**Work required**
Among the lines of the records below, copy those that hold the word "Ultra".

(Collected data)
● ● ● ●

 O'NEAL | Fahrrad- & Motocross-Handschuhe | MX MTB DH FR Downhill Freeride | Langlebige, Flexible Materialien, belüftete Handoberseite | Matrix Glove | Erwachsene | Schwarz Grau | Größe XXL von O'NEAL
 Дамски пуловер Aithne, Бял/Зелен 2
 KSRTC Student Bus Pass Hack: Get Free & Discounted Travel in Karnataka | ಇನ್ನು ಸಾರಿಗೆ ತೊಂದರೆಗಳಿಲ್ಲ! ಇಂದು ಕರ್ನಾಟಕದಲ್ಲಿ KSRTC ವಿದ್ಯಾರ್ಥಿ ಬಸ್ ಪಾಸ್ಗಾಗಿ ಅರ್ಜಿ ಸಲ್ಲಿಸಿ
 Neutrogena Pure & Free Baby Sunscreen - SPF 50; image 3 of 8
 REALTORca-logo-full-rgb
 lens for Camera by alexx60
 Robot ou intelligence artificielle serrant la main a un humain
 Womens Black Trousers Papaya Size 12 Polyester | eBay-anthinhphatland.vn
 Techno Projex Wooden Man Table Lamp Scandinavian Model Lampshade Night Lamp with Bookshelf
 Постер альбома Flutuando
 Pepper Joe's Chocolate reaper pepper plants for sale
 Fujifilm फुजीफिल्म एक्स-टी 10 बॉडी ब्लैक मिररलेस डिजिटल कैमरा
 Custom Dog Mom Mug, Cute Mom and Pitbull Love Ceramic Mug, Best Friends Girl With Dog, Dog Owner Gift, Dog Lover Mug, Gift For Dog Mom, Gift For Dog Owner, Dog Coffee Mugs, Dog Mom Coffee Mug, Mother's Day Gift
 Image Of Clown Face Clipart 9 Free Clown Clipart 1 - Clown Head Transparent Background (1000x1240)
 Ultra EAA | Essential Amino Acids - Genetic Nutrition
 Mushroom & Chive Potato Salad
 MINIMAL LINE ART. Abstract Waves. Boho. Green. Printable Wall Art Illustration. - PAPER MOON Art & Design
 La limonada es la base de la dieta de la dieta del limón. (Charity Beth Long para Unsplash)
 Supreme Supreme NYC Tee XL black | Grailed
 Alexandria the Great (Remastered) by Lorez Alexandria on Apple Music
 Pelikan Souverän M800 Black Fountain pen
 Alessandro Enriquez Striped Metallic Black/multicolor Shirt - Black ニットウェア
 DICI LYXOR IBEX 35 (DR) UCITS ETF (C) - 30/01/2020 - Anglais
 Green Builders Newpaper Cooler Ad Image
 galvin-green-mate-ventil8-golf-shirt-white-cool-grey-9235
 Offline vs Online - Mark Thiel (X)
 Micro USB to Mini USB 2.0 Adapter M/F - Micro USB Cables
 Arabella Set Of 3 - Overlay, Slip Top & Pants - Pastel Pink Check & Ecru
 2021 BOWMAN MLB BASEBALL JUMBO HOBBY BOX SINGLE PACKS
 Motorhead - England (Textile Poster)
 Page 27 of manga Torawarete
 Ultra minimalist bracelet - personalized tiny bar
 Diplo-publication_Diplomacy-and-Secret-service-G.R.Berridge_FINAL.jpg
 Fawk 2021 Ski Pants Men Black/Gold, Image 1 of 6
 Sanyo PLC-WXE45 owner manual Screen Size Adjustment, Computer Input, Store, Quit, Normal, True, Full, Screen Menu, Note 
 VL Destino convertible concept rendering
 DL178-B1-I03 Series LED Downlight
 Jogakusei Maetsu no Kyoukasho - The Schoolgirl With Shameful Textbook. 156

● ● ● ●

**Solution for this exercise**
 Ultra EAA | Essential Amino Acids - Genetic Nutrition
 Ultra minimalist bracelet - personalized tiny bar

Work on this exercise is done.